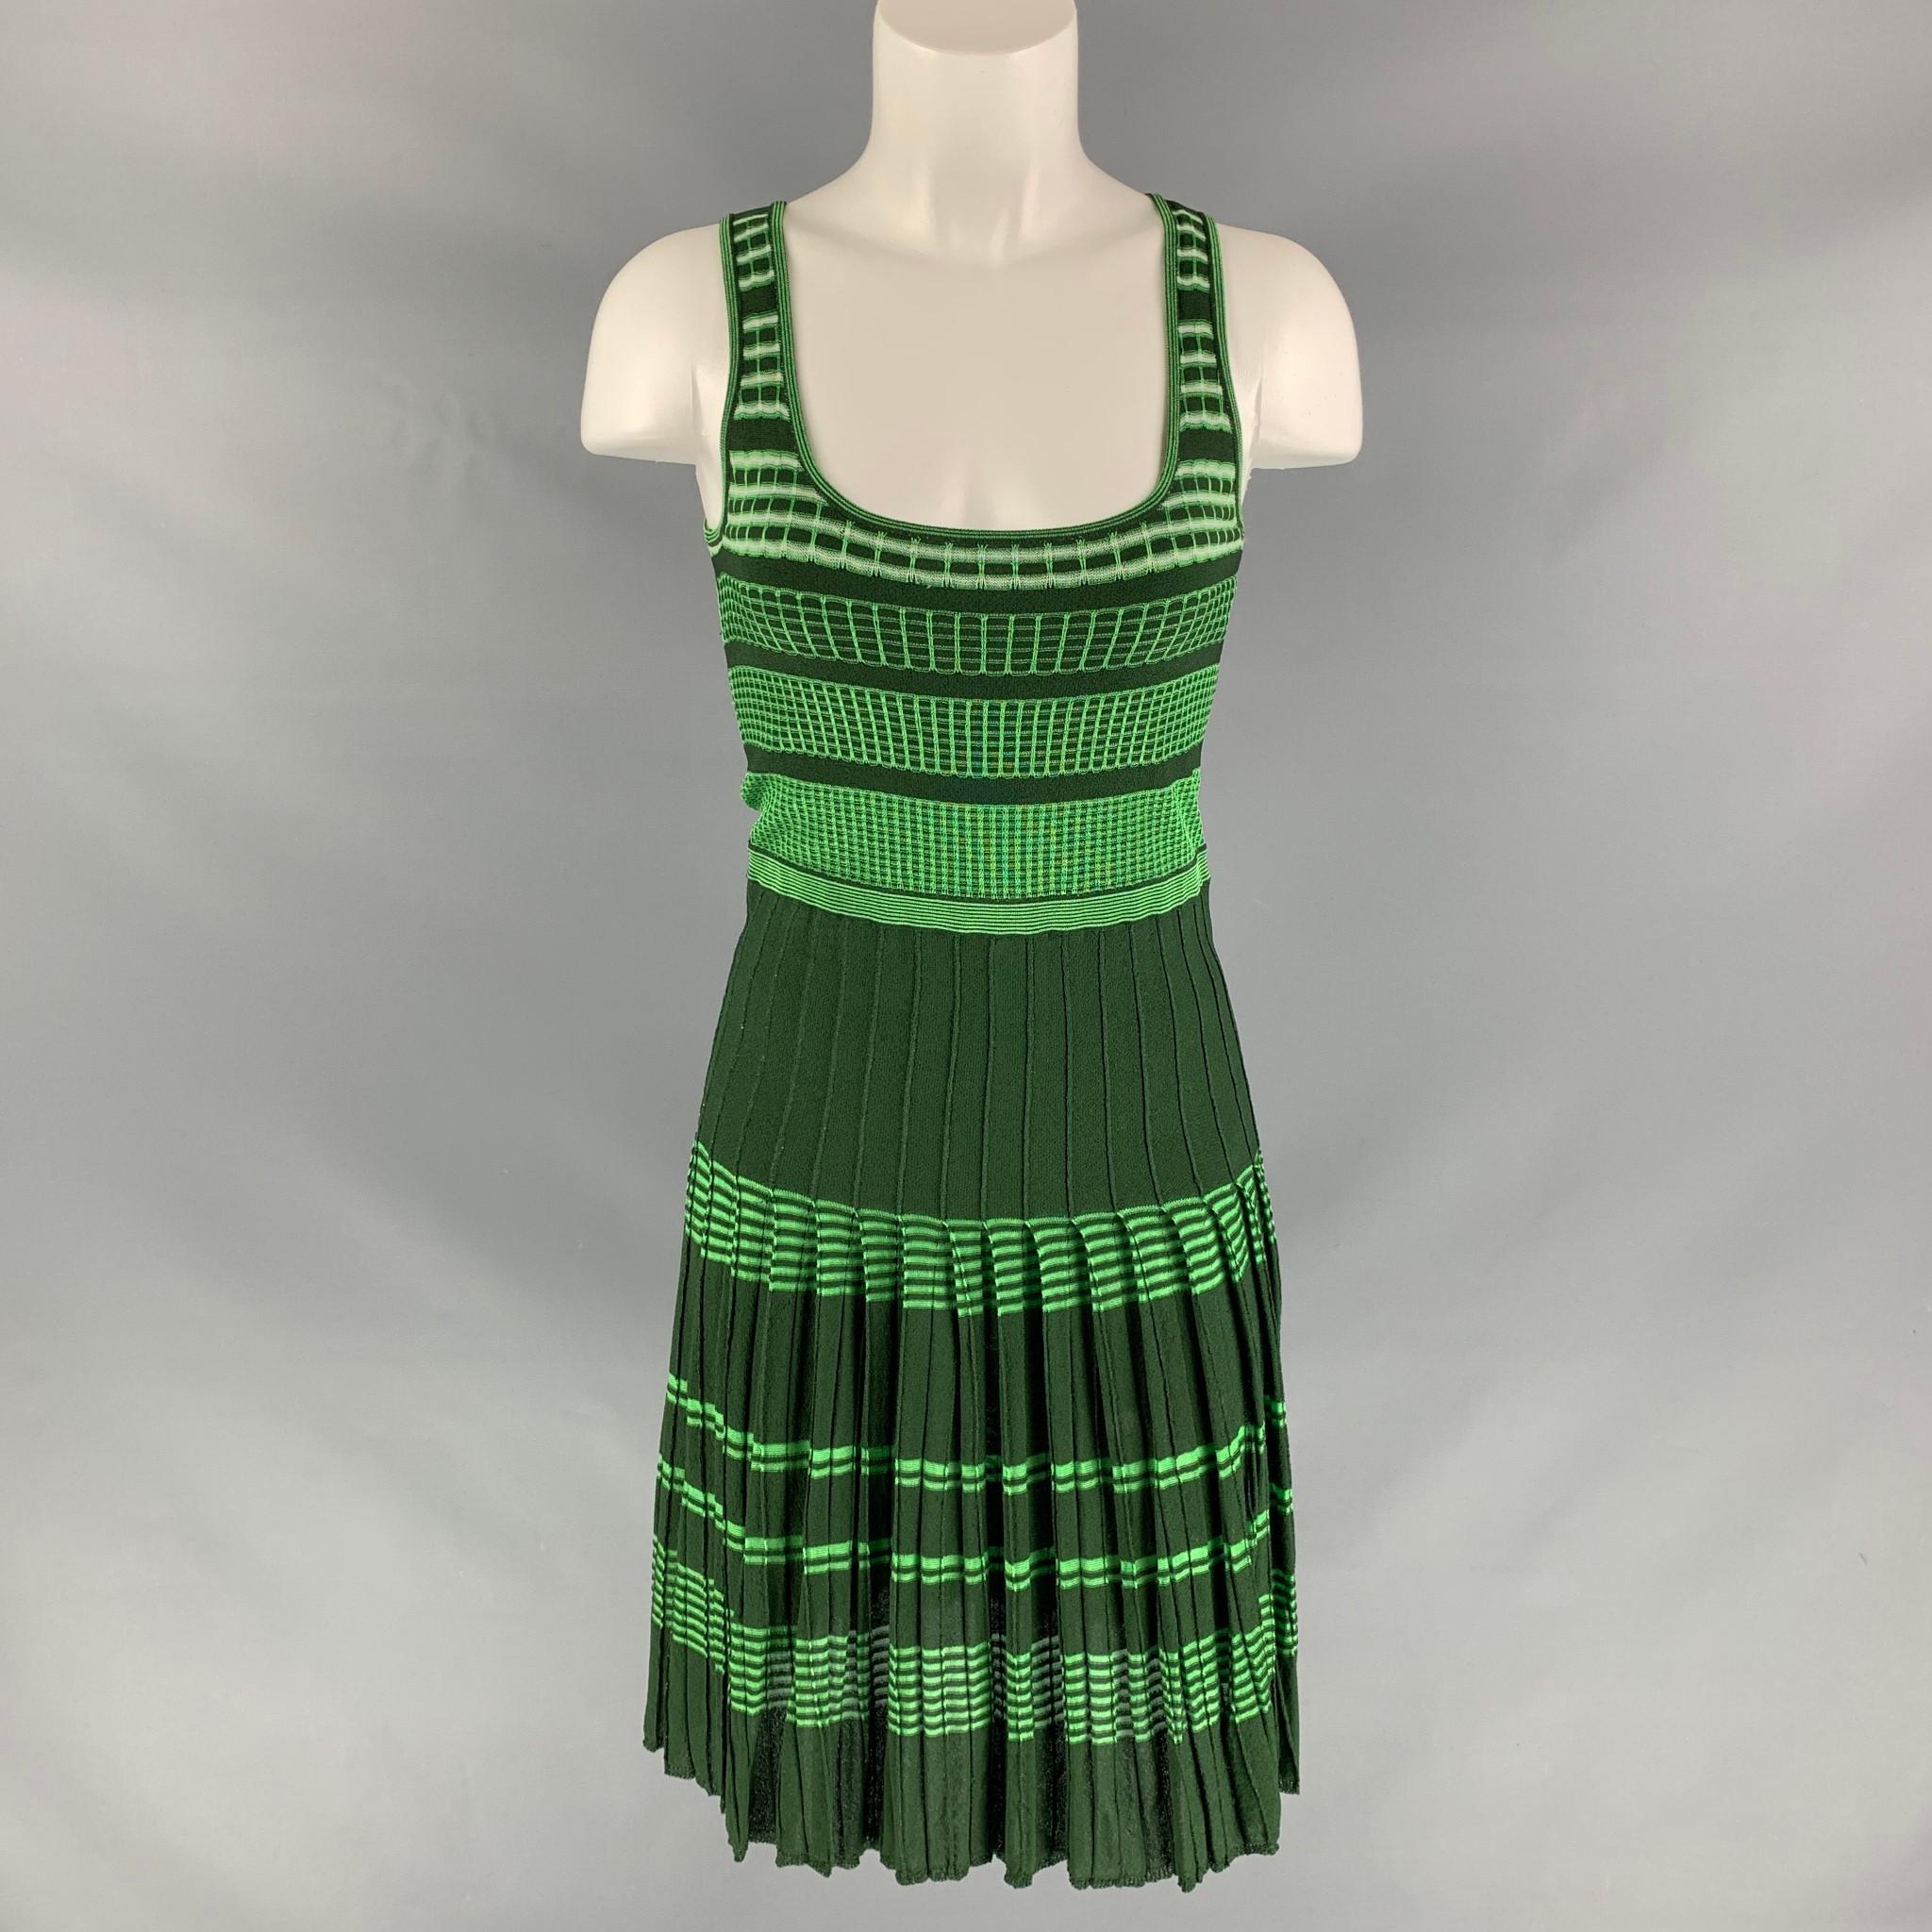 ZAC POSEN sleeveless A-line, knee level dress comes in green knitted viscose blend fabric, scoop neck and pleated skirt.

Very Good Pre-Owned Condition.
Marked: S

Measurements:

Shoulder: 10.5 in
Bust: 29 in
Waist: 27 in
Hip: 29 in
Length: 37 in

◆ **PROBLEM TO WORK ON**: Above are records with pictures; repeat the records exactly and leave the pictures out.

◆ **RESPONSE BOX**:
 ZAC POSEN sleeveless A-line, knee level dress comes in green knitted viscose blend fabric, scoop neck and pleated skirt.

Very Good Pre-Owned Condition.
Marked: S

Measurements:

Shoulder: 10.5 in
Bust: 29 in
Waist: 27 in
Hip: 29 in
Length: 37 in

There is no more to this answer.